» What to produce
Copy, word for word, the lines of the listing below from the line with "Brooklyn Museum, African" up to and including the line with "Orange groves in". Drop the pictures.

» Data
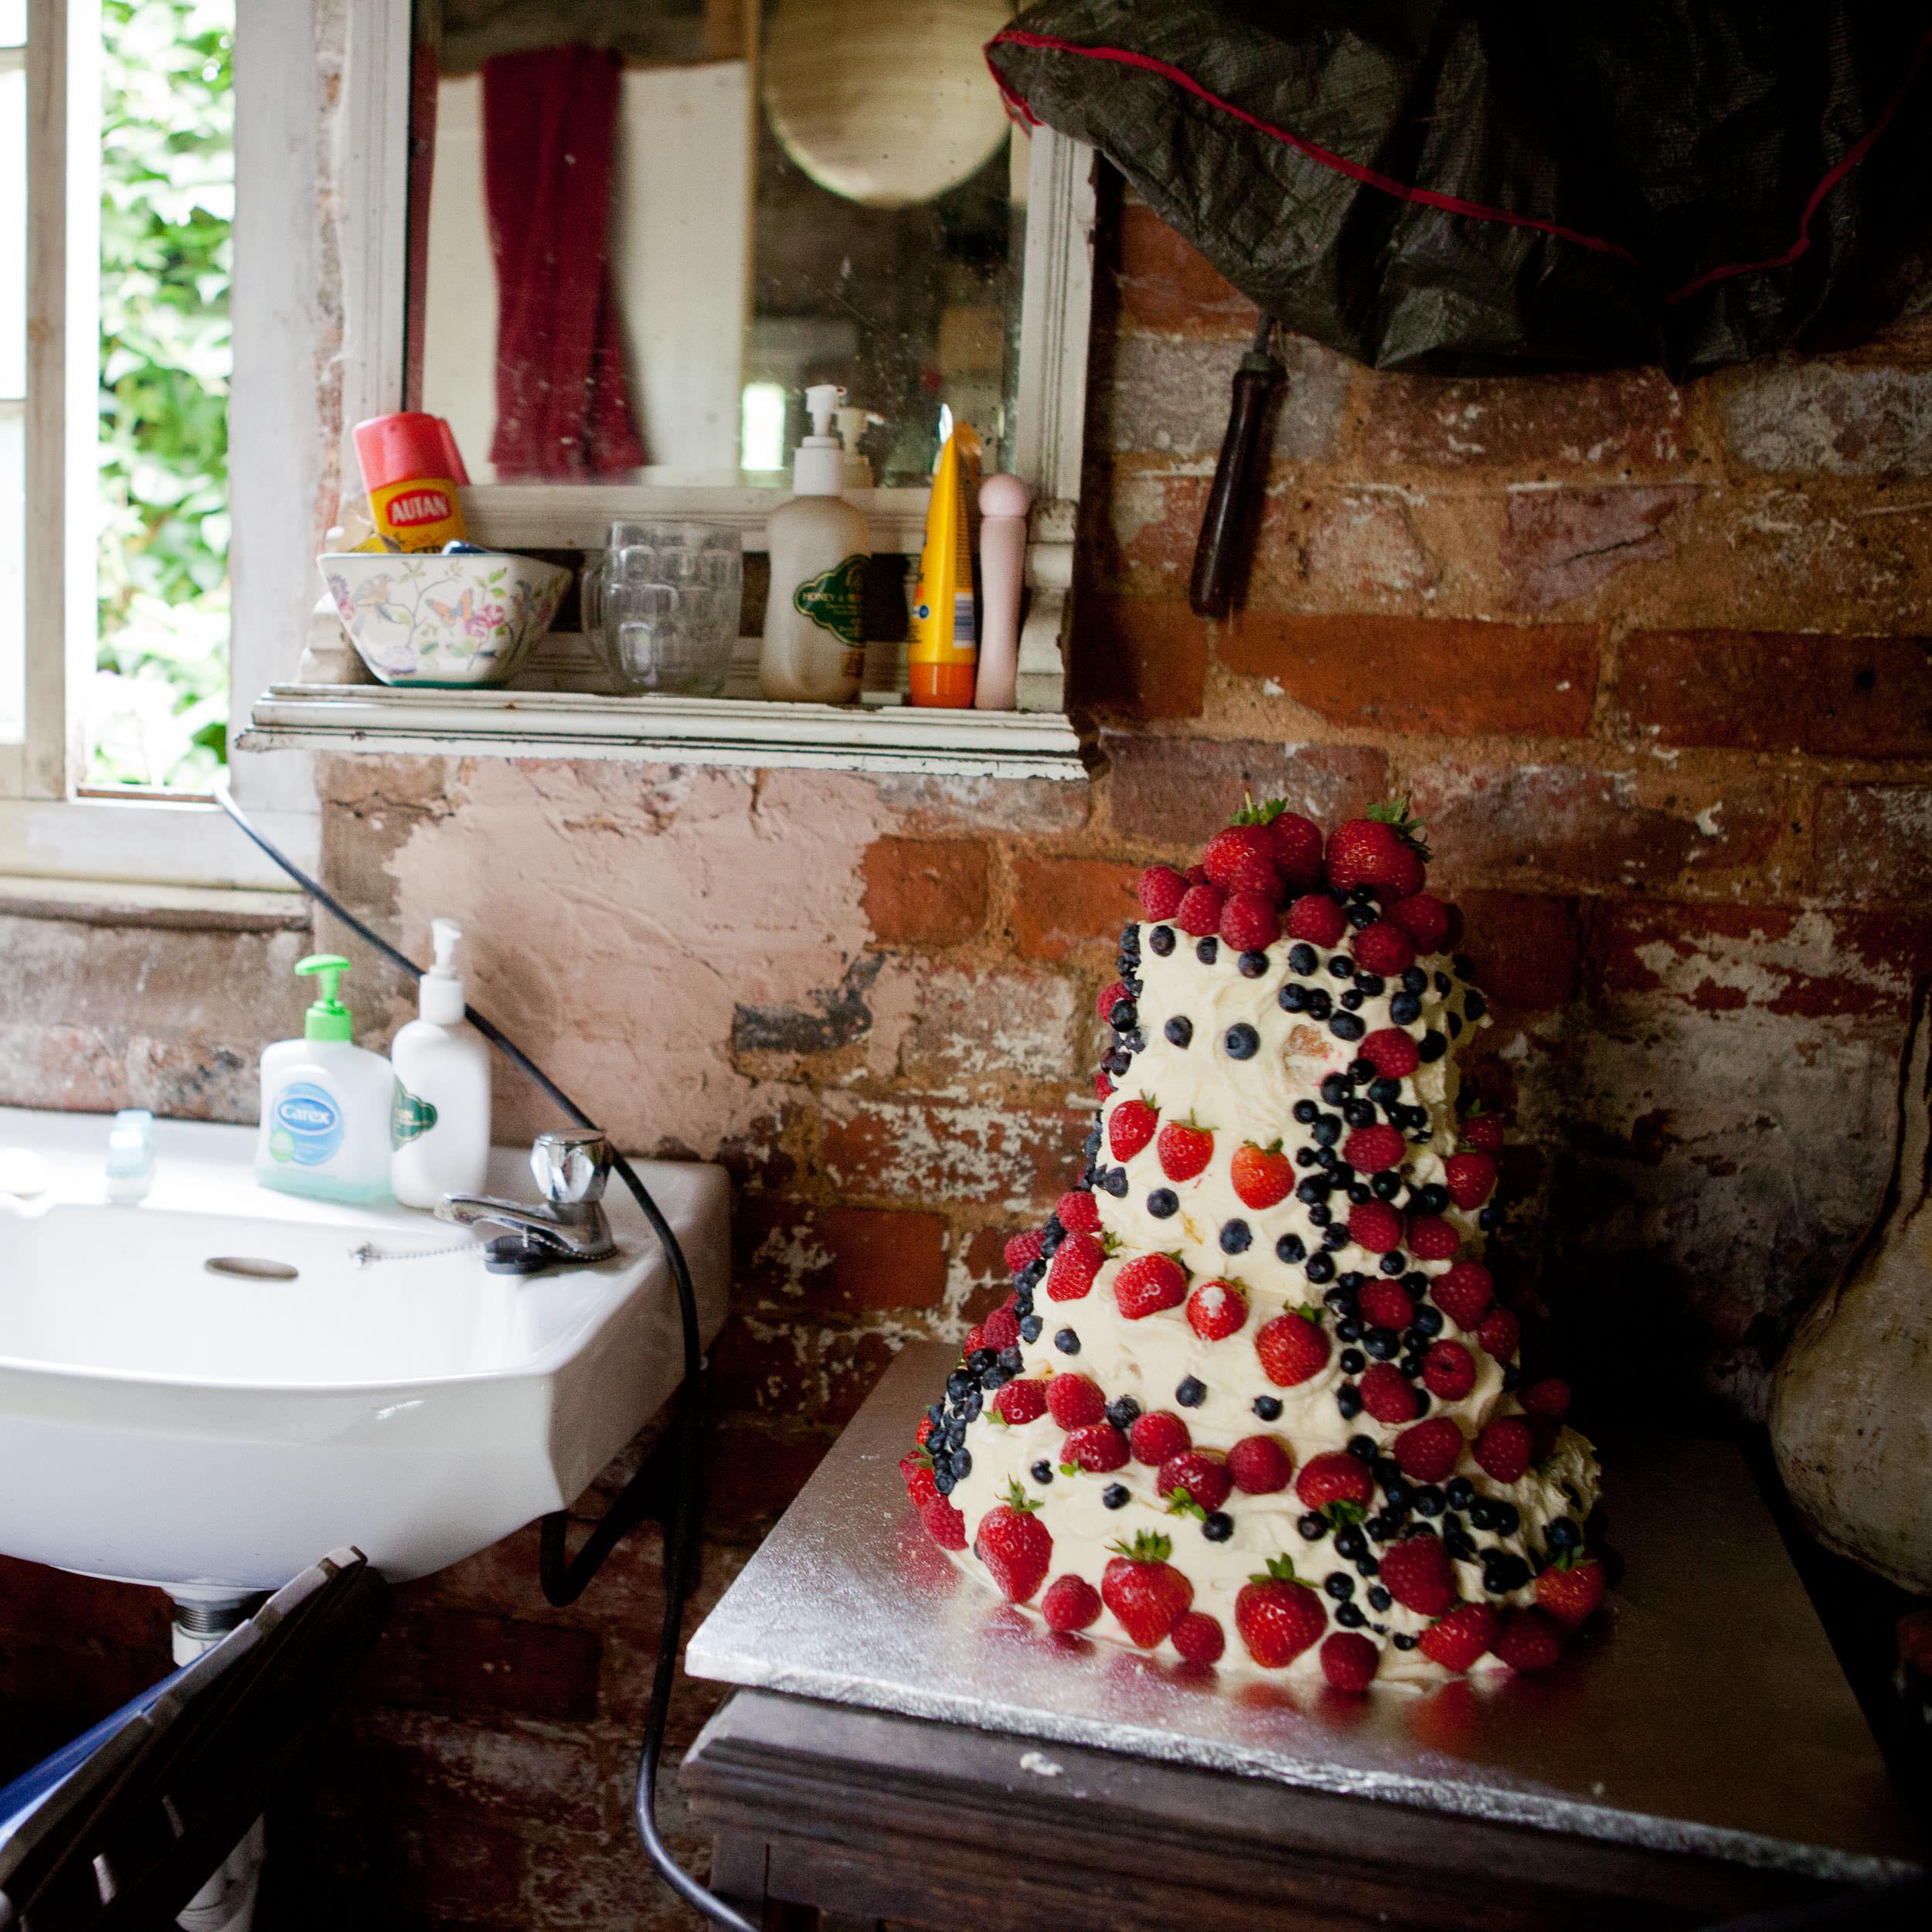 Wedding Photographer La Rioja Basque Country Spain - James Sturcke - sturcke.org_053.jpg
==
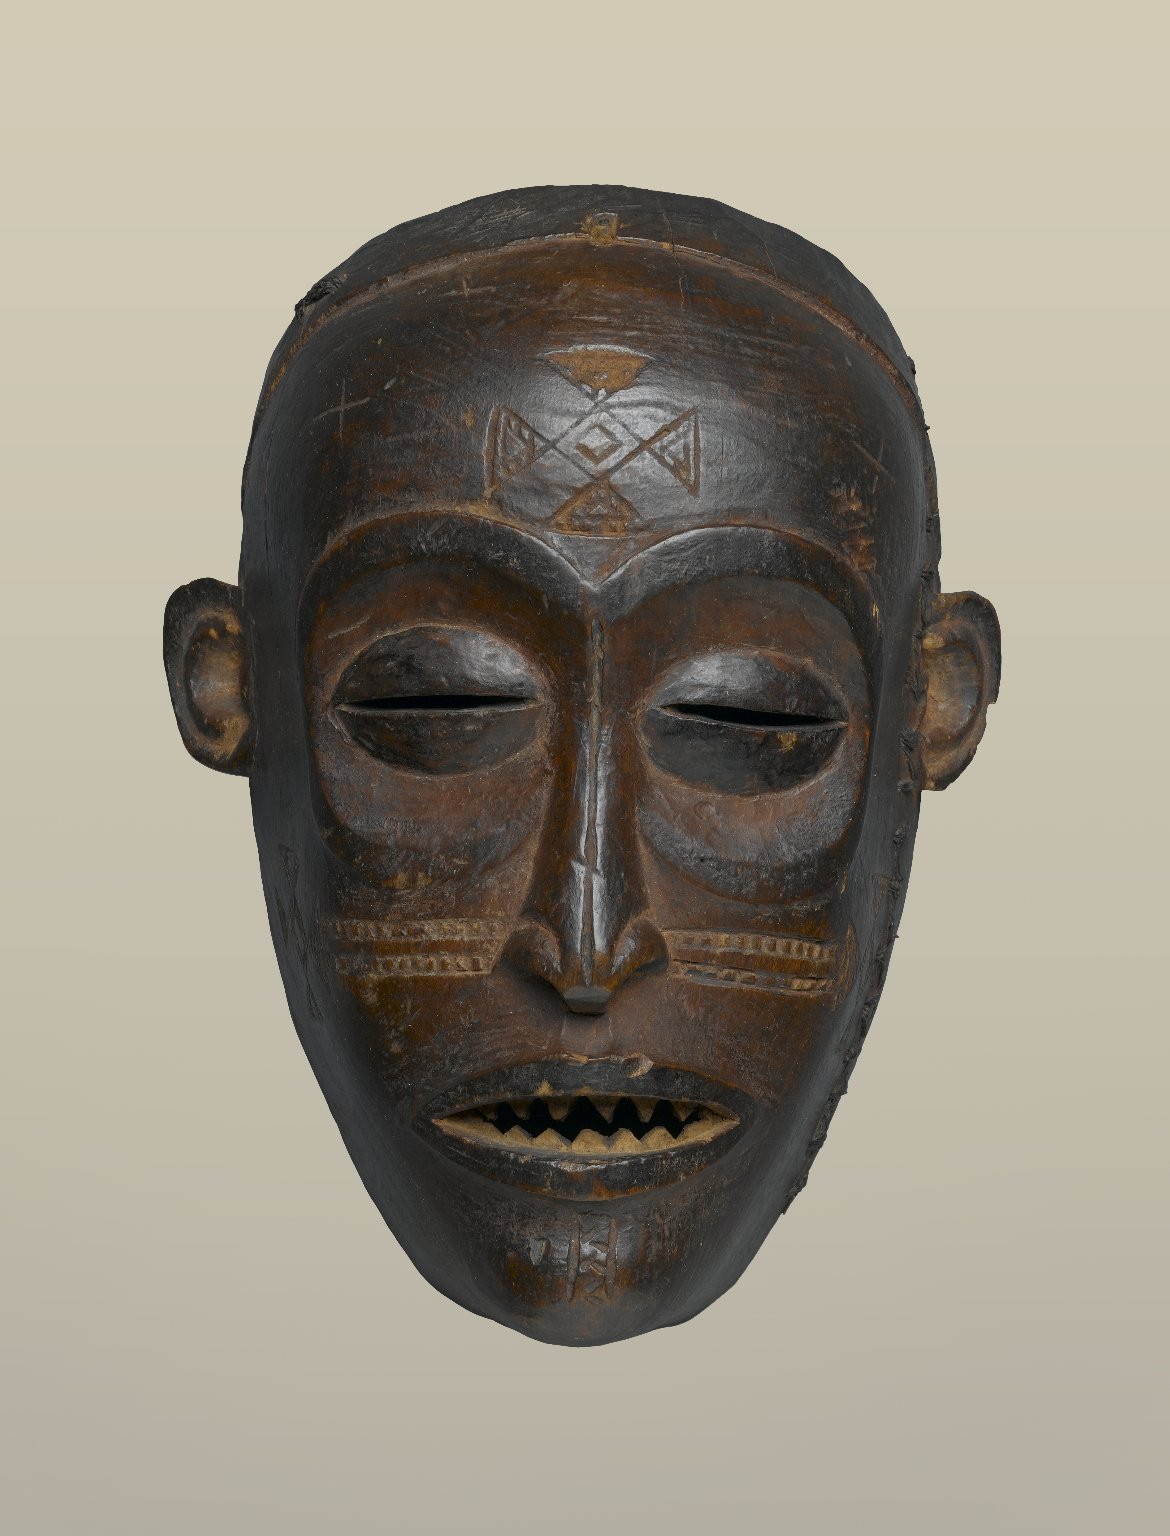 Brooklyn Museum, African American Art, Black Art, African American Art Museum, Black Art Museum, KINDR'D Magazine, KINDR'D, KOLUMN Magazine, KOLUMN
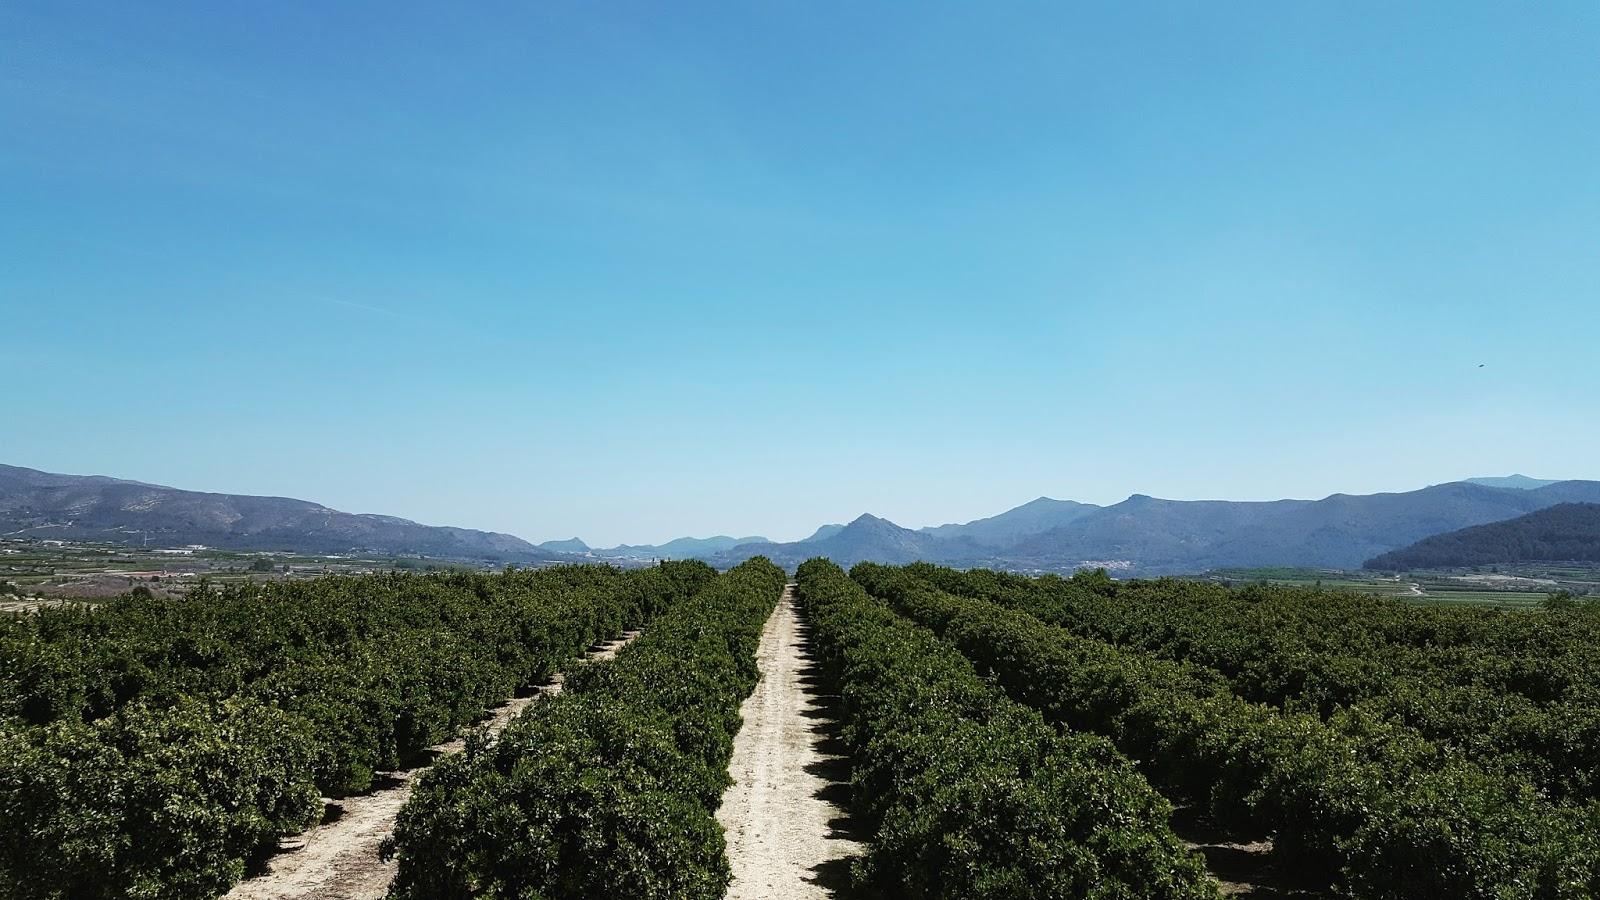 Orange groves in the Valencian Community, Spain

» Response for this exercise
 Brooklyn Museum, African American Art, Black Art, African American Art Museum, Black Art Museum, KINDR'D Magazine, KINDR'D, KOLUMN Magazine, KOLUMN
 Orange groves in the Valencian Community, Spain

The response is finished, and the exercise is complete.